Fig. 2: Passive NOx adsorber (PNA) performance evaluation.
figure 2

NOx concentration of (a) Pd/0.75Ce and (b) Pd/0.25Ce under the dry and wet condition. c The calculated NOx adsorption amount. d NOx storage efficiency (NSE) and (e) NOx desorption efficiency (NDE) of Pd/0.75Ce and Pd/0.25Ce. Reaction conditions: 210 ppm NO, 2100 ppm CO, 10 vol% O2, 300 ppm C3H6 (when used), 5 vol% H2O (when used), balanced with N2 at a flow rate of 200 mL· min-1.

Furthermore, effects of other gas components on NOx storage and release performance were also examined. For H2O, the concentration curves (Supplementary Fig. S22) indicate that more H2O adsorbs on the Pd/0.75Ce compared to the Pd/0.25Ce, likely due to the higher hydrophilicity. A H2O desorption peak is observed around 350 °C on Pd/0.75Ce, which aligns with the second NOx adsorption peak in Fig. 2a. This suggests that H2O desorption reveals NO adsorption sites. We also investigated the impact of H2O on the NOx storage and release of Pd/0.25Ce, finding that NO adsorption decreases from 88.4 to 77.9 μmol· gcat−1 and NSE also declines with increasing the H2O concentration (Supplementary Fig. S23).

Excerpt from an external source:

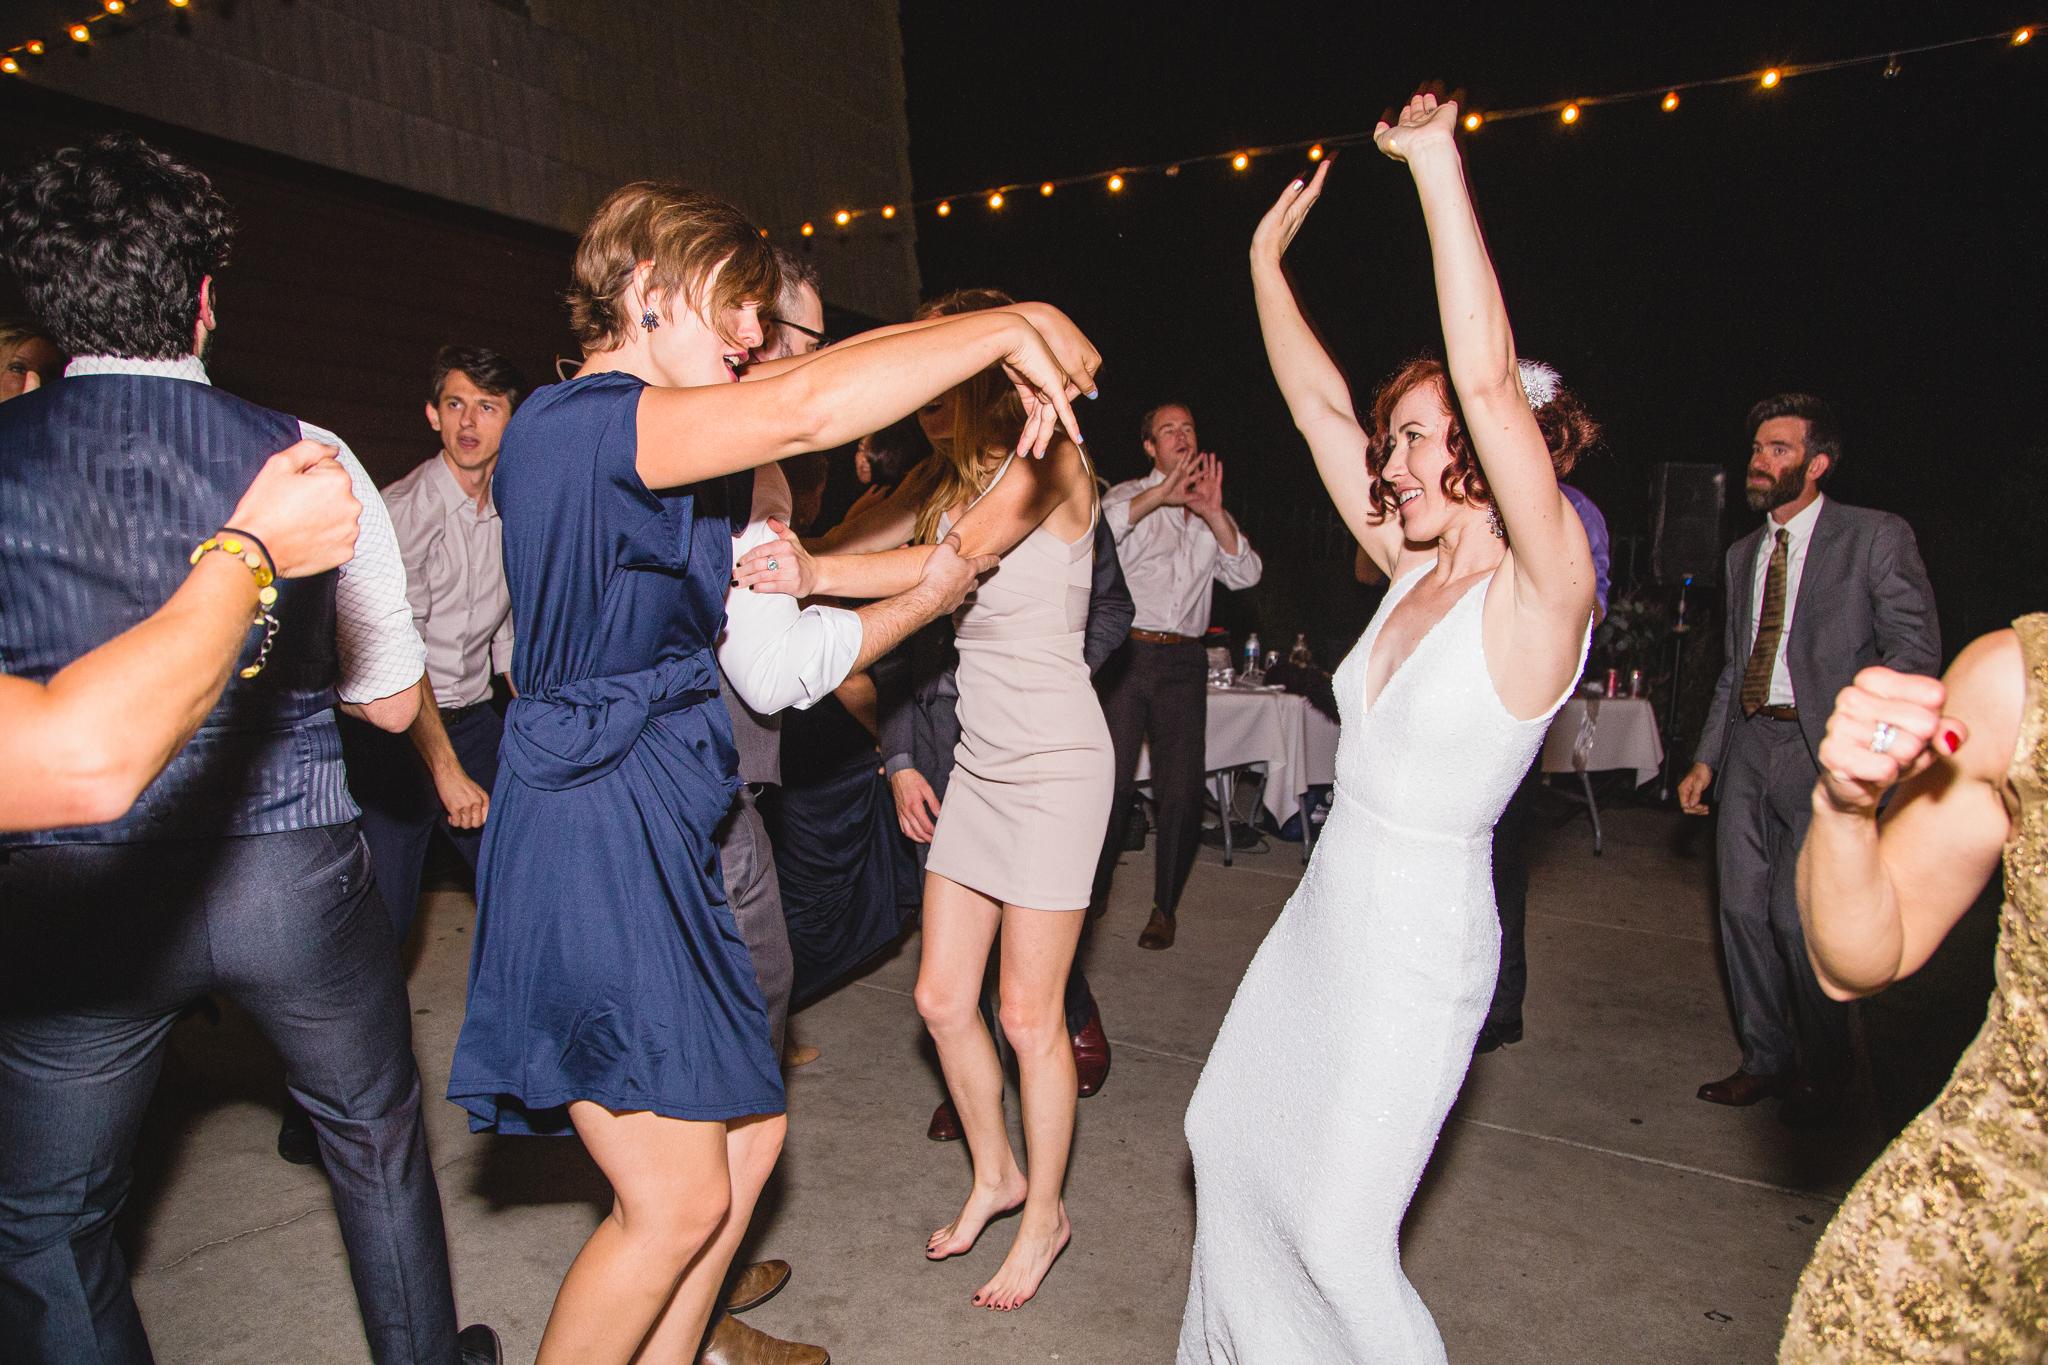 orange-county-wedding-dance-party-rebeccaylasotras-4.jpg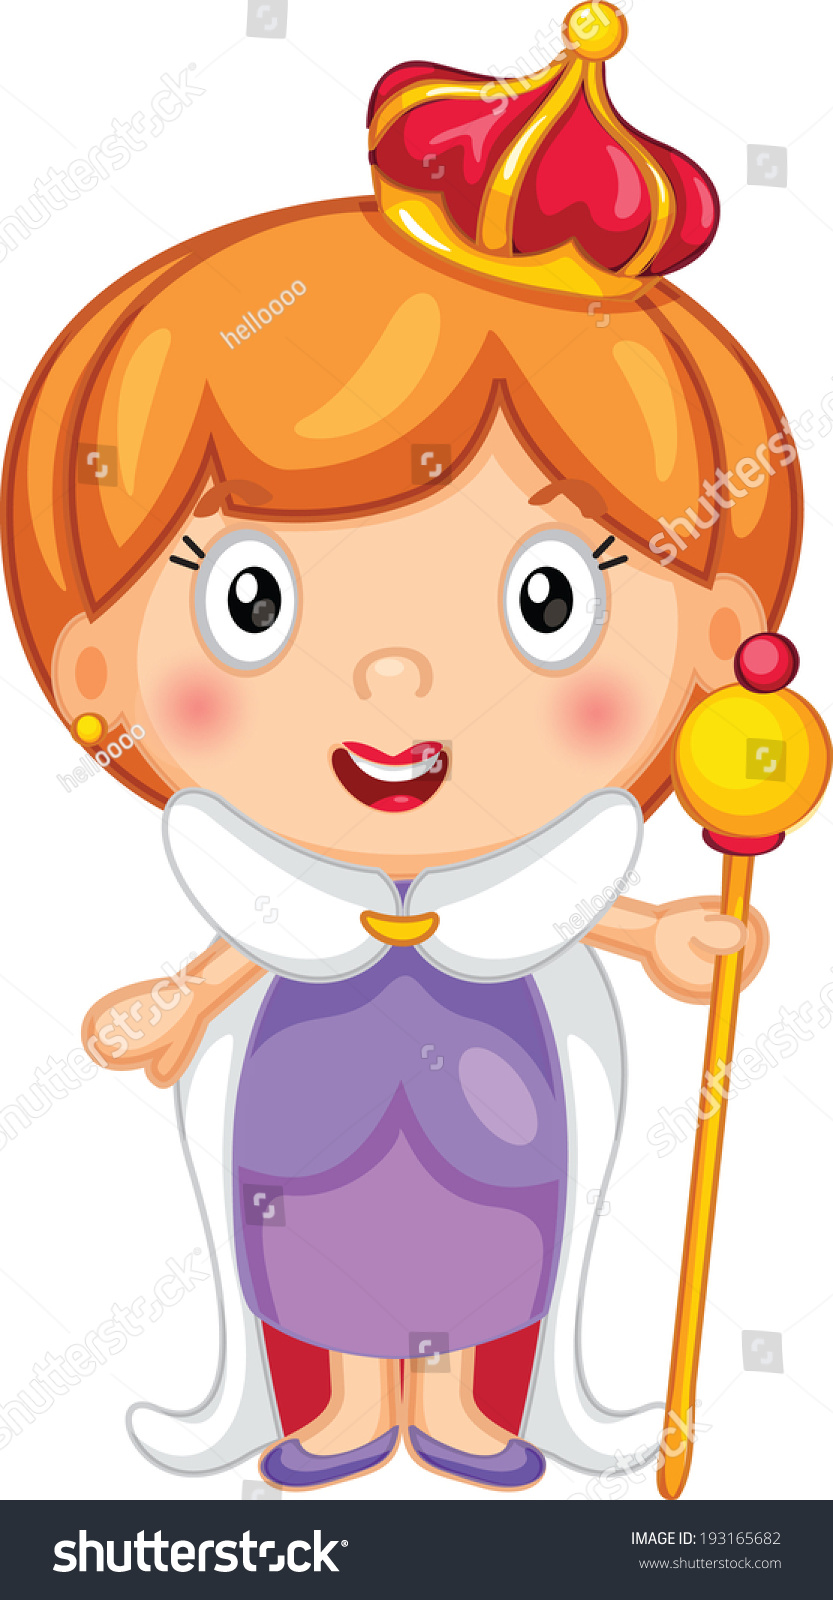 Cartoon Characters That Start With Q : Cute queen cartoon stock vector shutterstock

However, a high concentration of H2O primarily impacts NO adsorption at low temperatures, with minimal effect on high-temperature NOx release, as the NOx desorption curves remain nearly identical in both 5 vol% and 8 vol% H2O conditions. Figure 2d, e and Supplementary Fig. S24 illustrates the effect of hydrocarbon (C3H6) on the PNA performance. Compared to the NO + CO atmosphere, the addition of C3H6 facilitates the NO adsorption at 100 °C. The adsorption amount of Pd/0.75Ce and Pd/0.25Ce are 140.10 and 88.11 μmol· gcat−1 in the presence of C3H6, which could be attributed to the improvement in hydrophobicity. The NOx desorption efficiency (NDE) has a decrease for both the Pd/0.75Ce and Pd/0.25Ce. This is due to N2O formation at the beginning of C3H6 oxidation, which is also observed in our previous works42,43. Finally, the impacts of SO2 on NOx storage capacity were performed (Supplementary Fig. S25). The 5-minute NSE of Pd/0.25Ce reaches 54.87% while that of Pd/0.75Ce is 49.00%, demonstrating that the Pd/0.25Ce exhibits a better SO2 resistance than the Pd/0.75Ce. All the results suggest that the Pd/0.25Ce is more suitable for low-temperature NOx adsorption under realistic exhaust conditions.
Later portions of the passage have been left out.